Cette tentation munichoise séduira tous ceux qui en appellent, après les attentats de 2015, à la résilience au lieu d’entrer activement en résistance, comme nous y invite Patrick Kessel ; avec lui, retrouvons l’esprit des FFI et des FTP. Cependant, les arguments fallacieux d’Alain Policar ne seraient même pas formulables si la puissance publique n’entretenait pas, depuis des années, un certain relativisme devant la raison scientifique présentée comme une opinion à placer sur le même plan que les convictions personnelles (Livret de la laïcité, p. 16 et 17).
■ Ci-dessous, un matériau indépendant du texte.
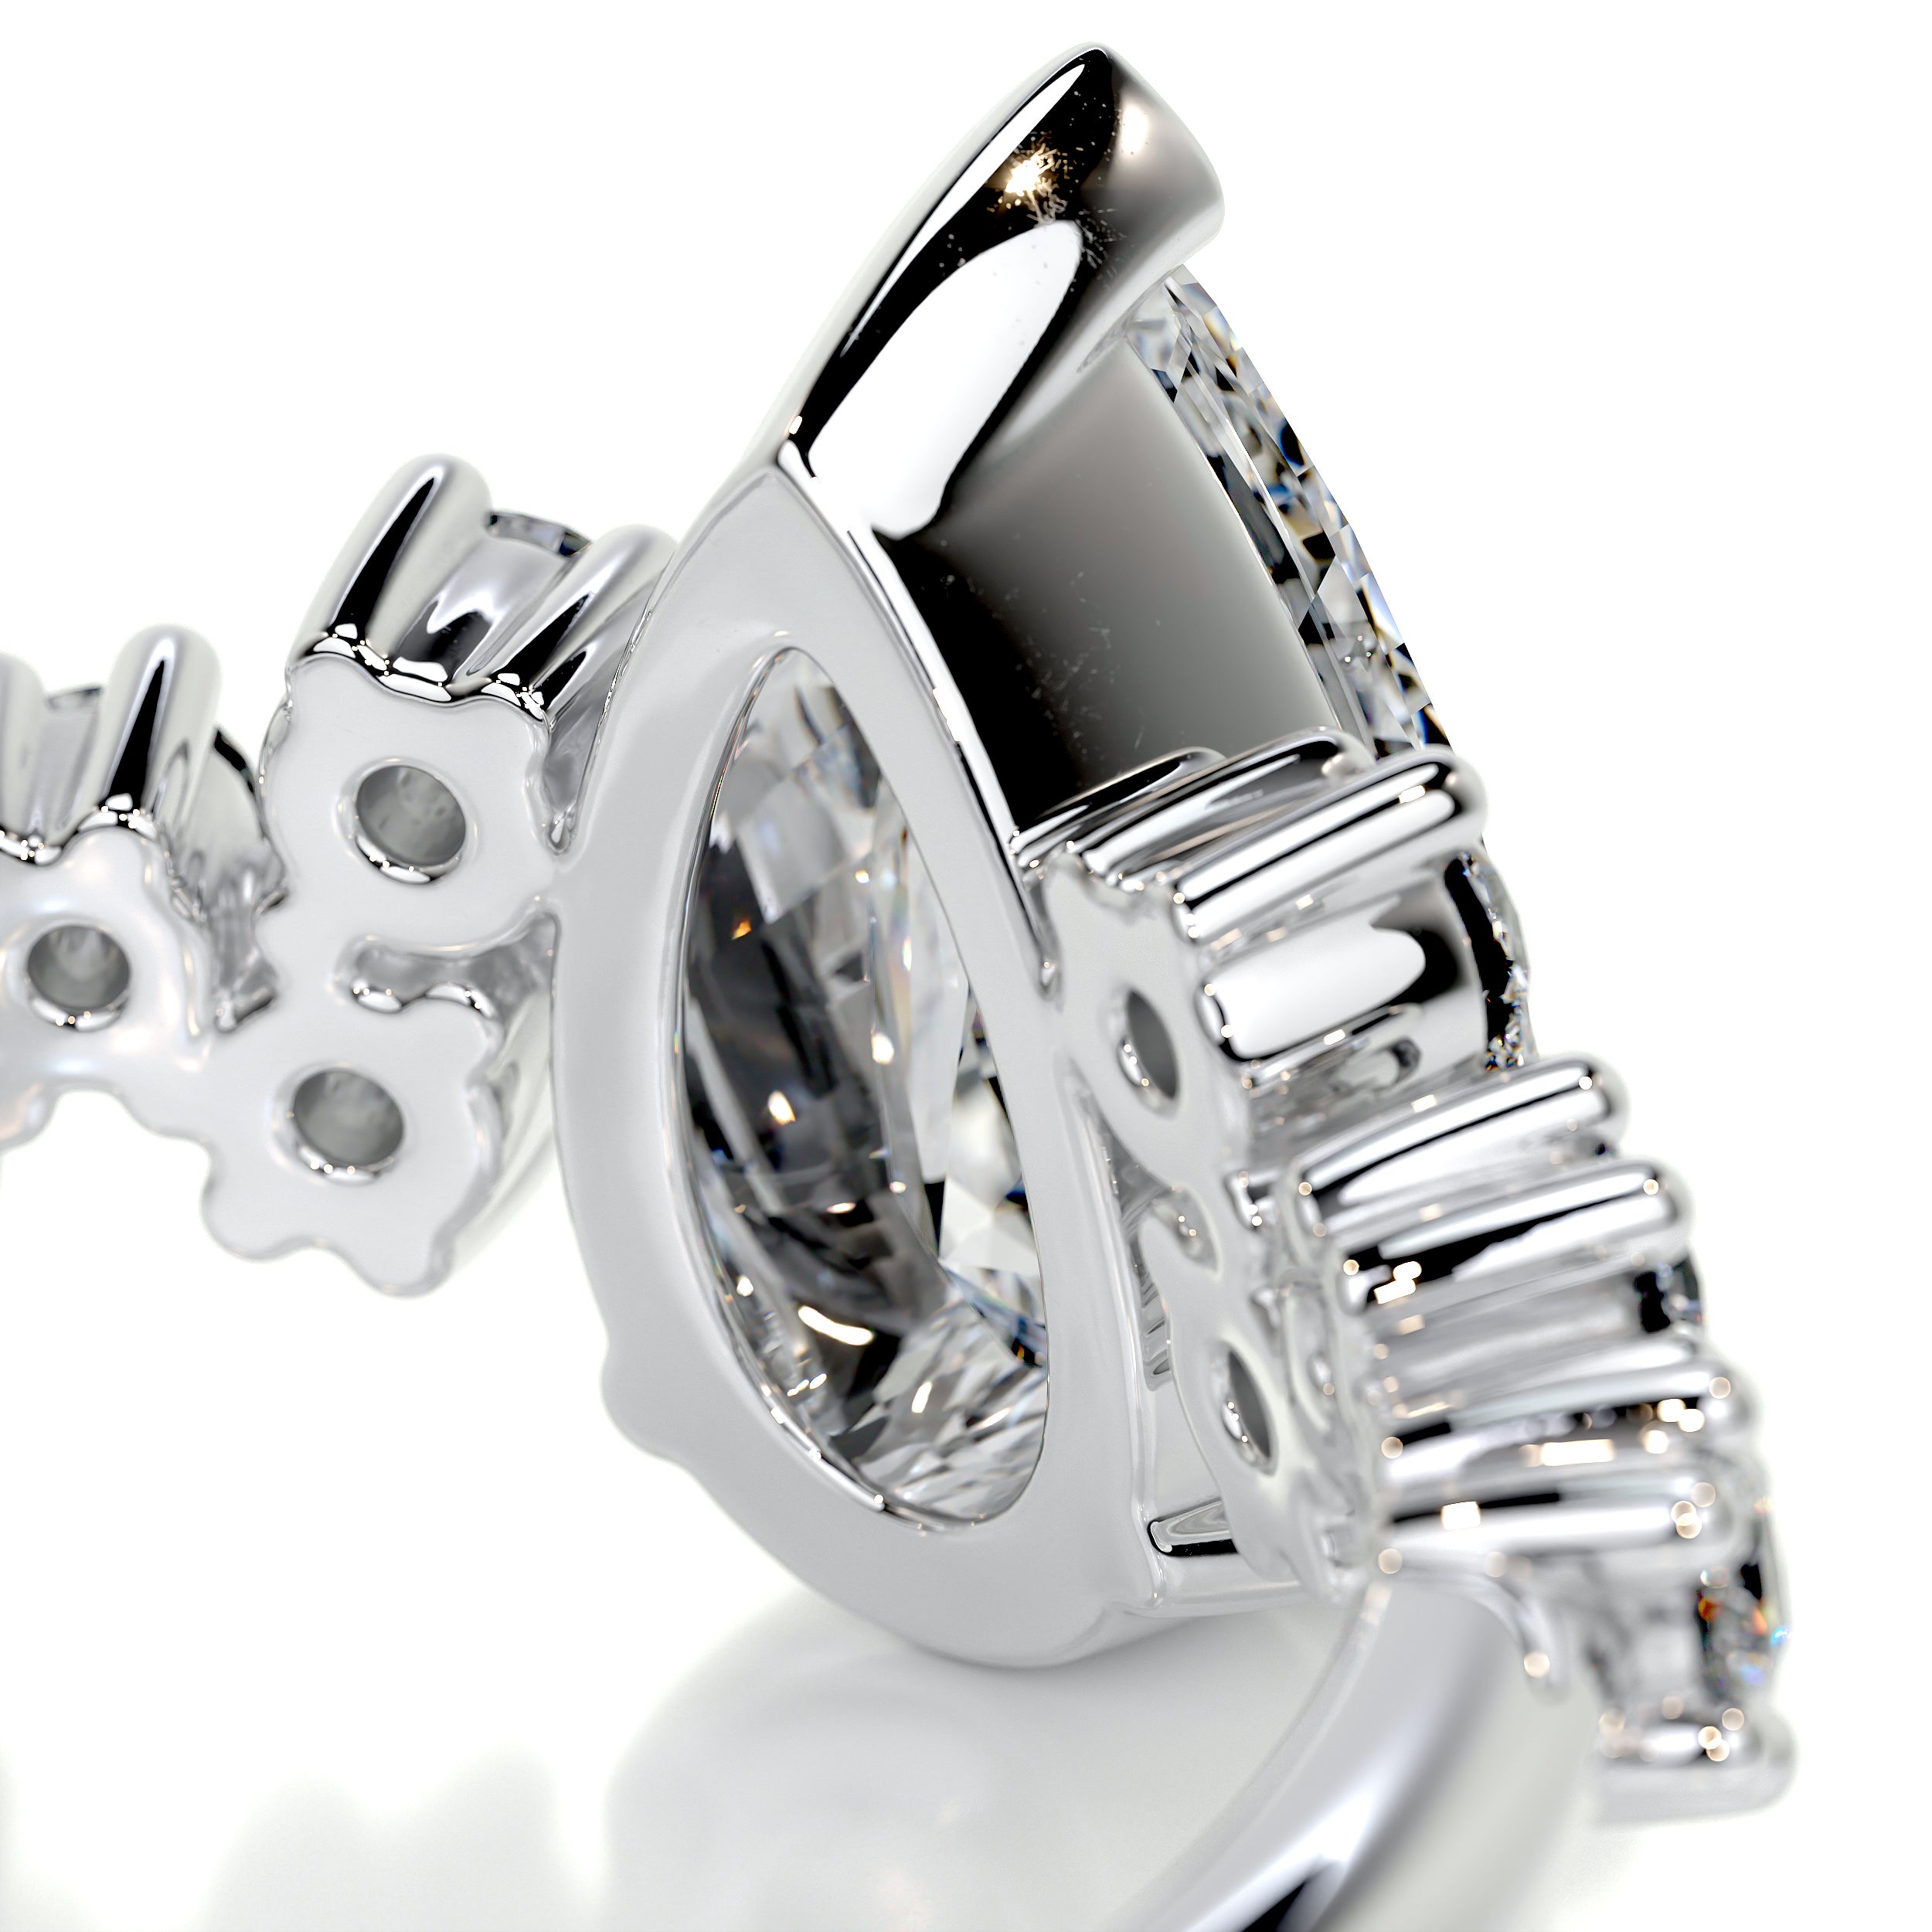 Mabel Diamond Engagement Ring -Platinum

Alain Policar semble pris dans le réseau très serré d’une pensée conformiste qui situe l’individu dans le seul horizon obligé de ses appartenances (sociales, religieuses, culturelles). C’est confondre l’universel avec le général. Il n’y aurait dès lors comme choix que de subir passivement ces liens ou de les accepter activement. Or dans une république laïque le lien civique, porté par l’aspiration à l’universel, questionne et critique le lien social. Après de biens décevants « chocs » de responsabilité ou de flexibilité, nous attendons toujours de la puissance publique un indispensable « choc » de rationalité, de liberté, de laïcité et d’hospitalité. Remettons à leur place tous ces « sociologues » qui, trop proches du pouvoir, en accompagnent et en justifient les renoncements et les trahisons.

En taxant Patrick Kessel de « simplisme », Alain Policar occulte la portée émancipatrice des Lumières dans la philosophie républicaine. Je lui suggère de ne pas se reconnaître dans l’actuel kit du prêt-à-penser : républicanisme = colonialisme = nationalisme = scientisme = occidentalocentrisme = islamophobie = racisme = laïcisme. Aujourd’hui, l’inculture au plus haut niveau grippe le récit national qui pourrait nous débarrasser de tous ces contresens et raccourcis.